• **Directions for this task**: Given the entries that follow, write out exactly the lines starting at the one containing "Frühere Aufnahmen haben" and ending at the one containing "Next-day freight services Bhatapara to Jammu", both ends included, and only those.

• **Extracted material**:
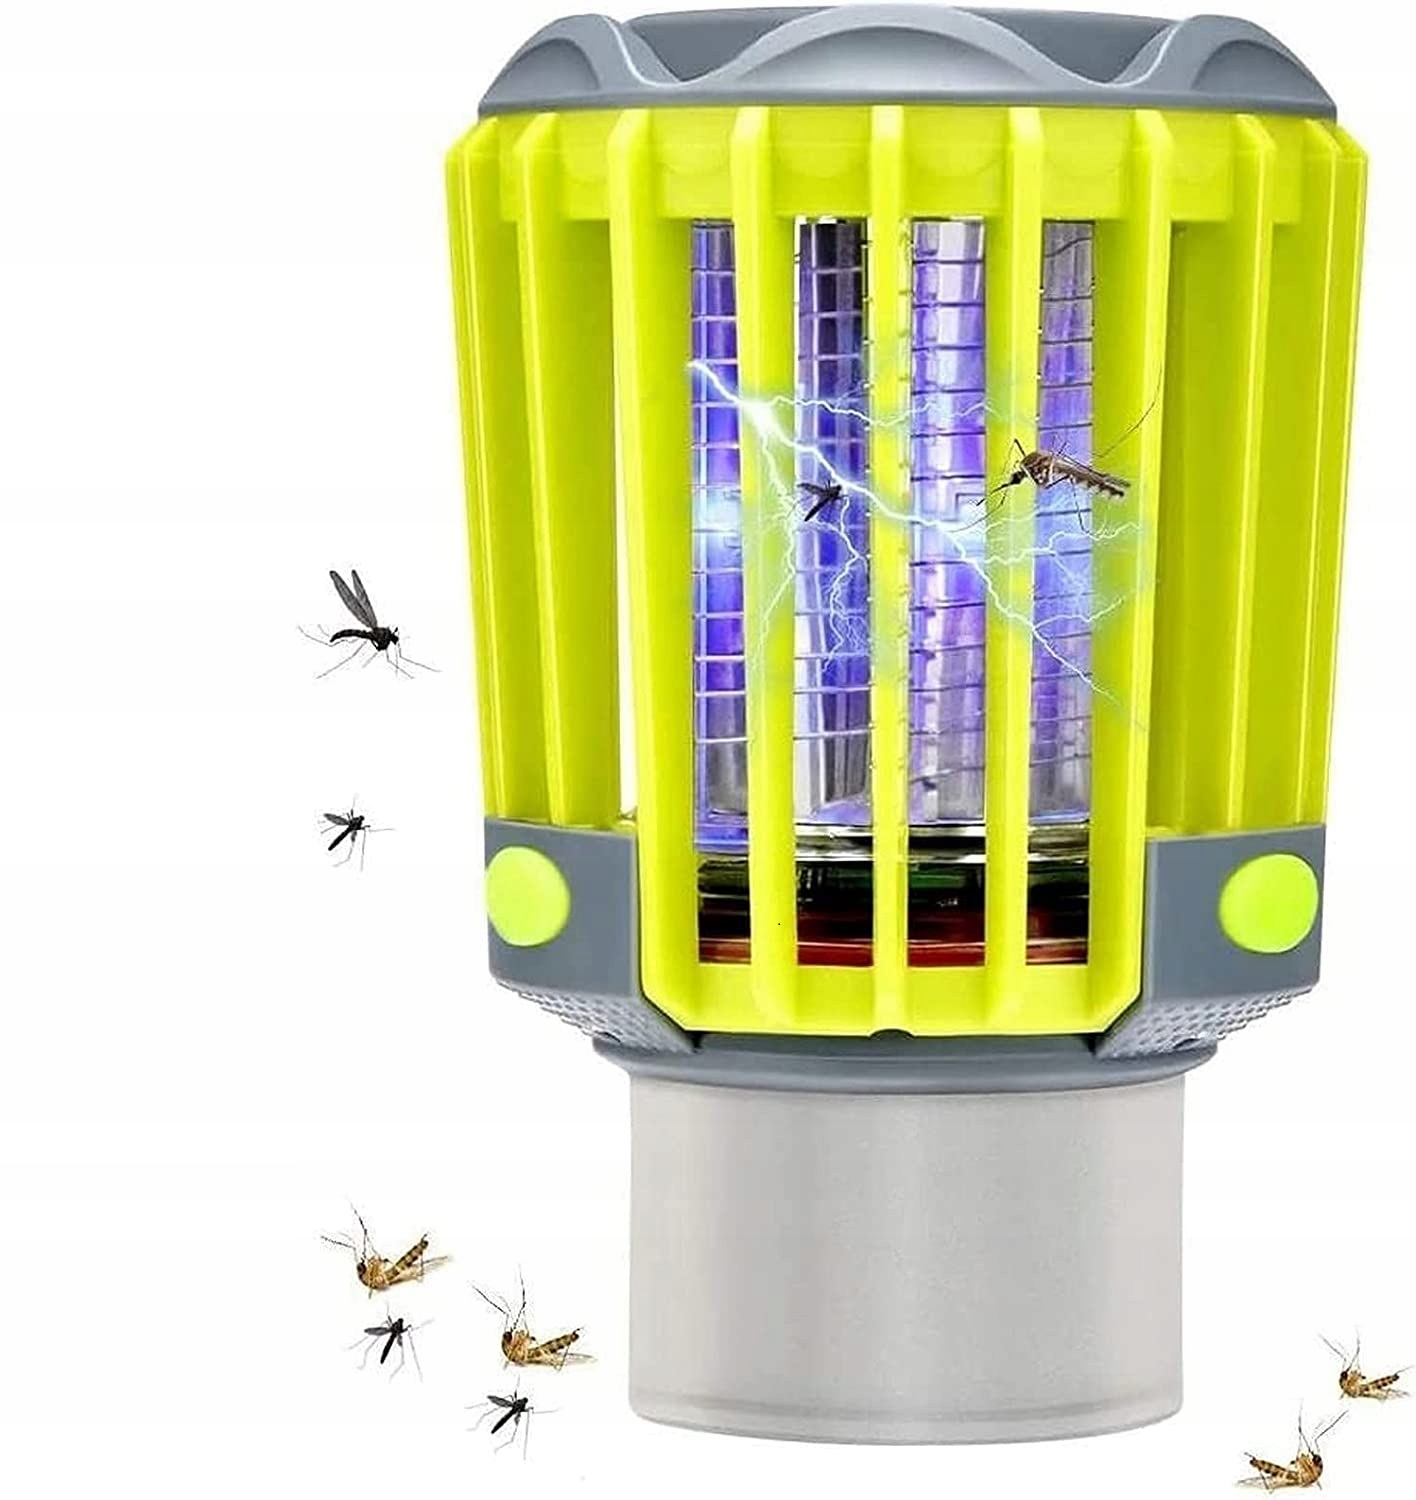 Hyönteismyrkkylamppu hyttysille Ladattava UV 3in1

---

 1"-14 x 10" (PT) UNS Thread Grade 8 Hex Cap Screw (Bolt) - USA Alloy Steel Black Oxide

==

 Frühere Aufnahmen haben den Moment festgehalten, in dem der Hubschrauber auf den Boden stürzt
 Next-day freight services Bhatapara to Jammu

• **Response to the exercise**:
 Frühere Aufnahmen haben den Moment festgehalten, in dem der Hubschrauber auf den Boden stürzt
 Next-day freight services Bhatapara to Jammu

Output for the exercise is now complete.